Banner Infografis Aturan Baru Pencairan Dana JHT di Usia 56 Tahun. (Liputan6.com/Abdillah)

Kalangan pengusaha memandang aturan baru pencairan dana Jaminan Hari Tua (JHT) pada usia 65 tahun sebagai langkah tepat. Ini dipandang sesuai dengan tujuan dari Jaminan Hari Tua untuk menunjang kesejahteraan pekerja.

Ketua DPD Himpunan Pengusaha Pribumi Indonesia DKI Jakarta Sarman Simanjorang menilai Permenaker Nomor 2 Tahun 2022 sudah tepat. Misalnya dengan pencairan JHT bisa diberikan kepada pekerja berusia 56 tahun atau cacat tetap atau diberikan kepada ahli waris pekerja.

“Sesuai dengan Filosofinya Jaminan Hari Tua yang seyogyanya dapat dinikmati ketika usia produktifnya mulai menurun dan sudah memasuki pensiun sehingga pekerja tersebut memiliki bekal dihari tua atau dapat dijadikan modal usaha,” kata Sarman dalam keteranganya, Senin (14/2/2022).

Ia memandang perubahan ketentuan pencairan JHT ini sangat jelas untuk memastikan atau menjamin kesejahteraan pekerja dan keluarganya disaat memasuki pensiun. Artinya, ini tidak untuk pemenuhan kebutuhan jangka pendek disaaat usia produktif.

Di sisi lain, ia berharap program pemerintah ini seharusnya mendapat dukungan penuh dari kalangan Serikat pekerja atau buruh. Alasannya, ini sebagai bukti bahwa Pemerintah sangat memikirkan kesejahteraan pekerja diusia tuanya.

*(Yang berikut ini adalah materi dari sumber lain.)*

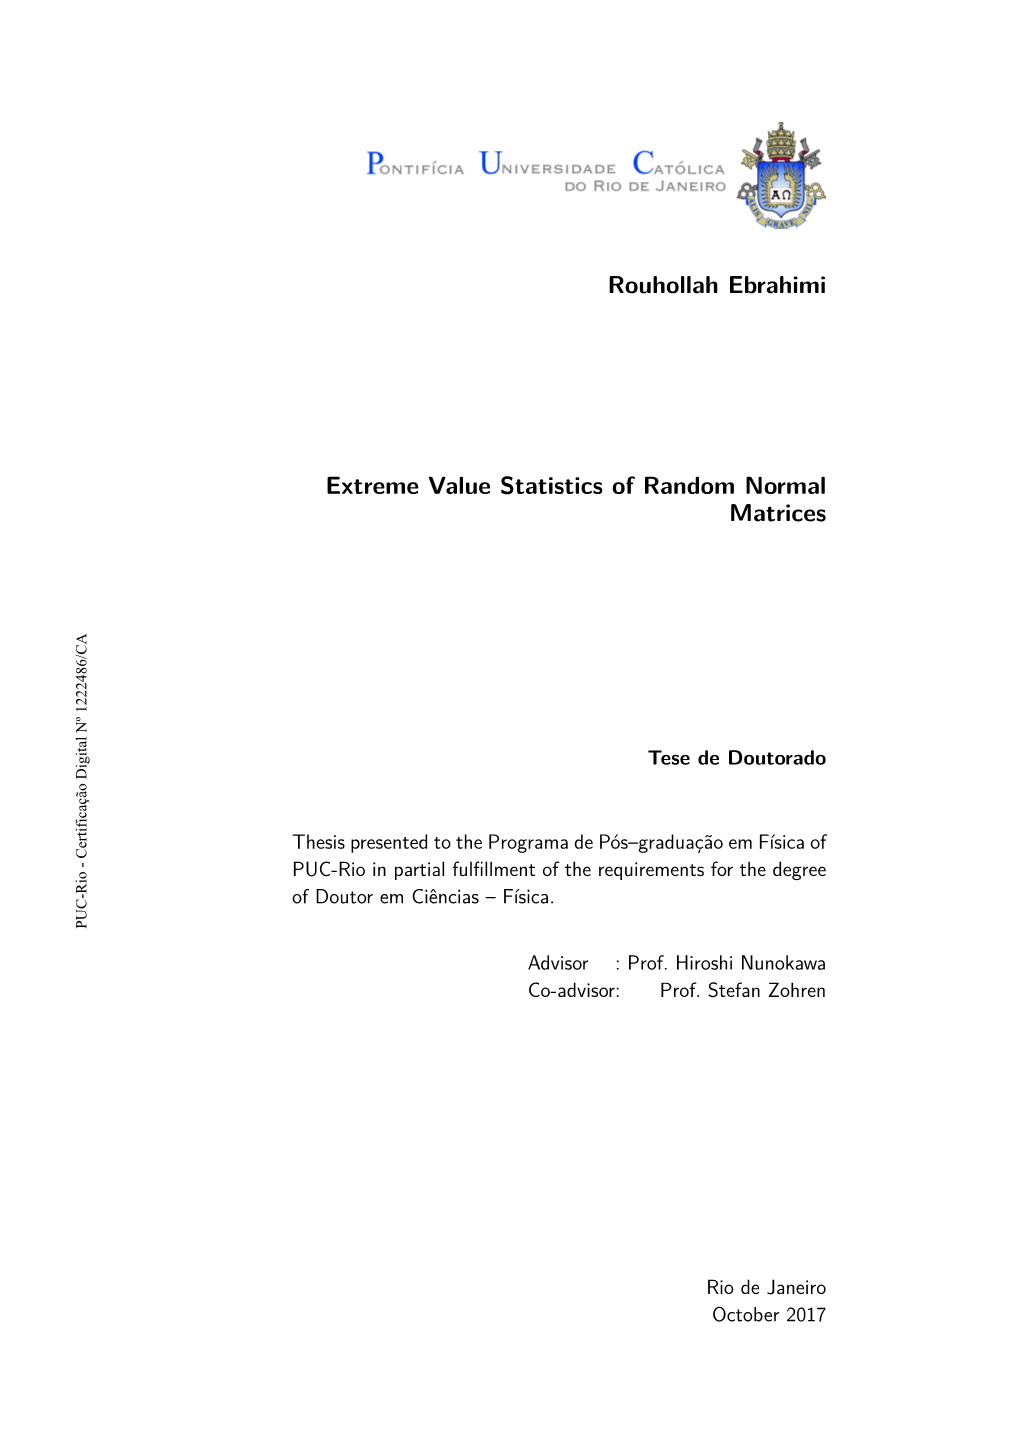 Rouhollah Ebrahimi Extreme Value Statistics of Random Normal Matrices
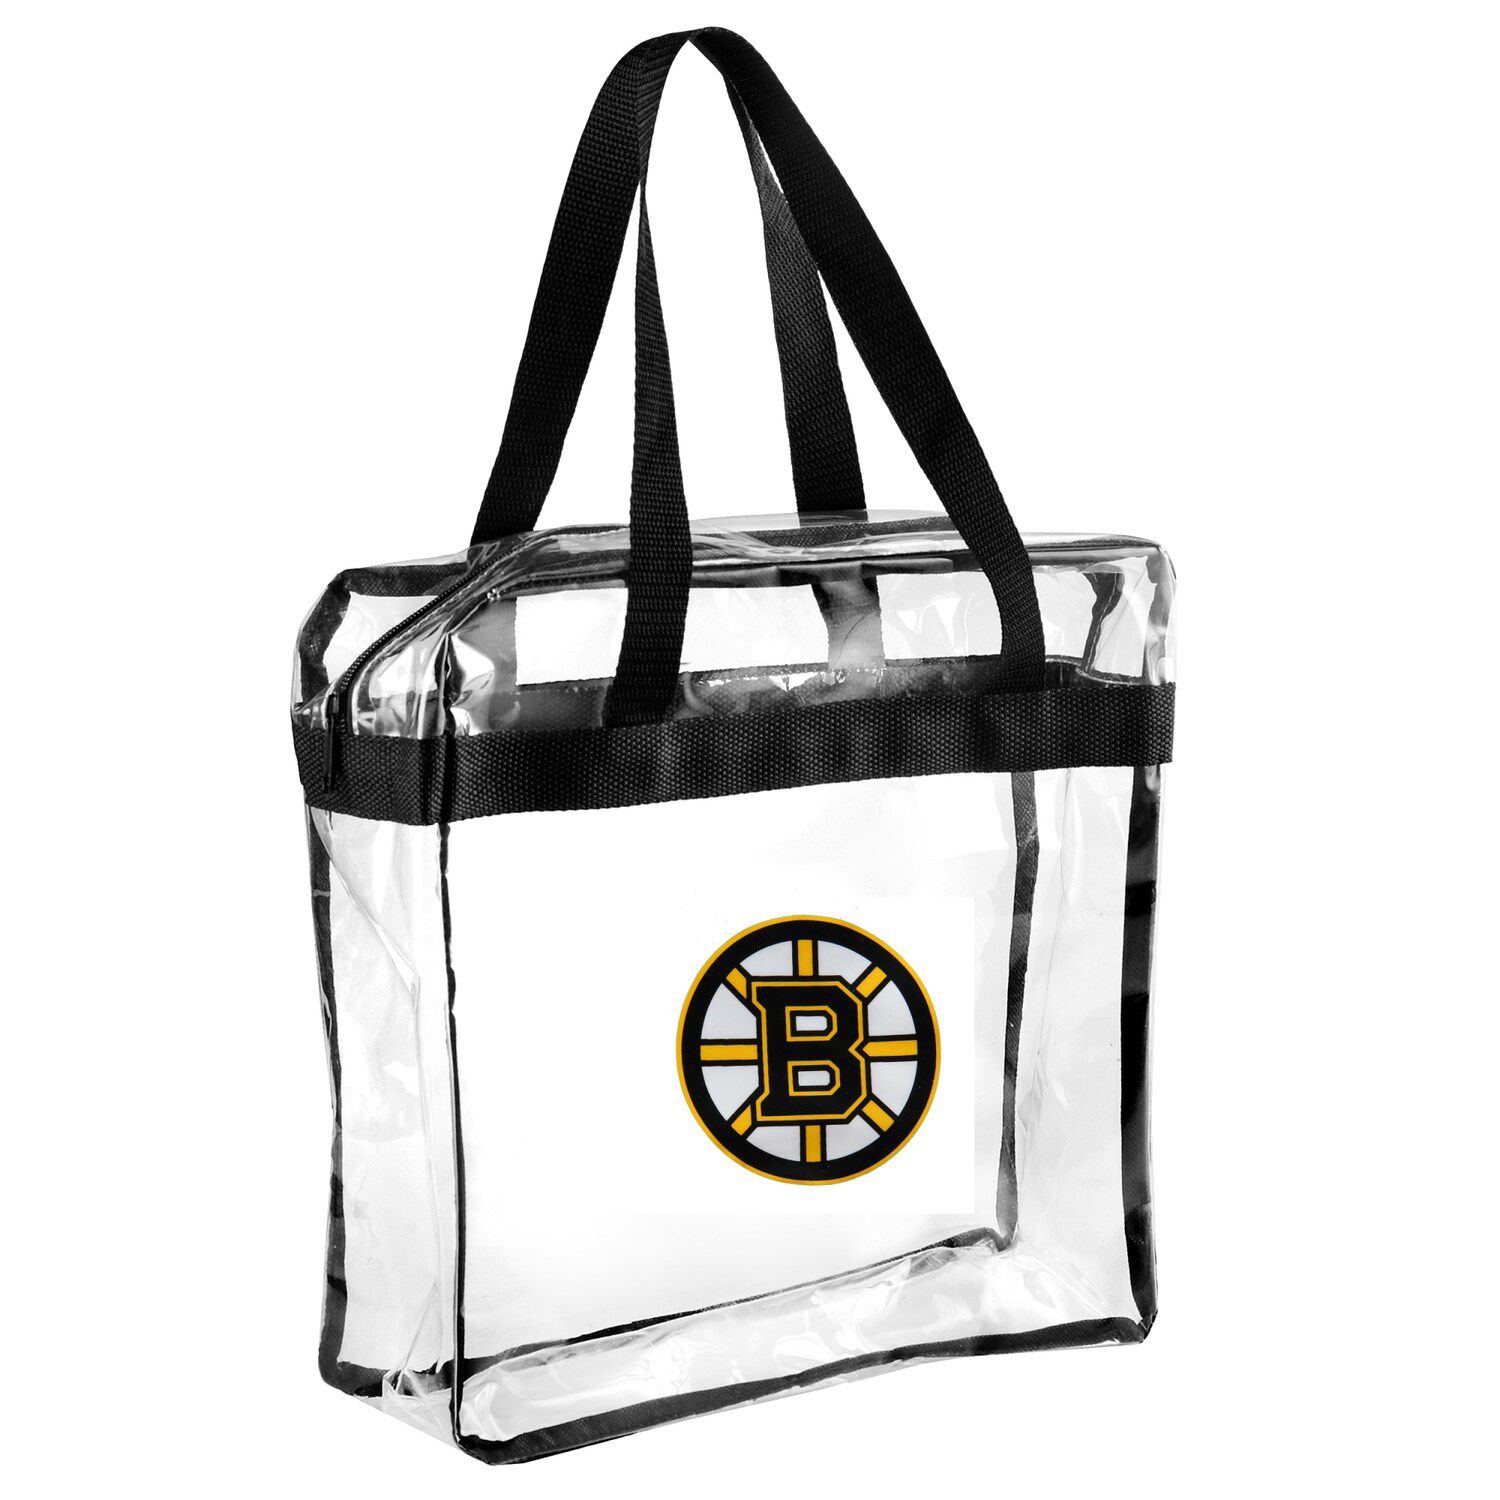 Image for Unbranded Boston Bruins Clear Messenger Basic Tote Bag at Kohl's.

“Manfaat JHT ini merupakan tabungan yang apabila dicairkan dalam jangka waktu yang lama akan menguntungkan peserta karena dikelola BPJS Ketenagakerjaan dan penjamin program JHT ini adalah Pemerintah. Sehingga tidak perlu ada yang dikawatirkan,program JHT ini dari oleh dan untuk pekerja,” katanya.

Informasi, dalam aturan tersebut, jika pekerja mengalami Pemutusan Hubungan Kerja (PHK) Pemerintah sudah memiliki Program Jaminan Kehilangan Pekerjaan (JKP) dan mendapatkan manfaat dalam bentuk uang tunai selama 6 bulan.

Pada 3 bulan pertama diberikan sebesar 45 persen dari upah maksimal Rp 5 juta dan 3 bulan berikutnya sebesar 25 persen dari upah maksimal Rp 5 juta. Ini juga akan dilengkapi dengan pekerja mendapatkan akses informasi pasar kerja; dan pelatihan kerja.

“Jadi ketika pekerja terkena PHK jangan langsung yang dipikirkan pencairan JHT,anggap itu tabungan jangka Panjang yang akan dinikmati kelak untuk kehidupan yang lebih sejahtera bersama keluarga,” tegasnya.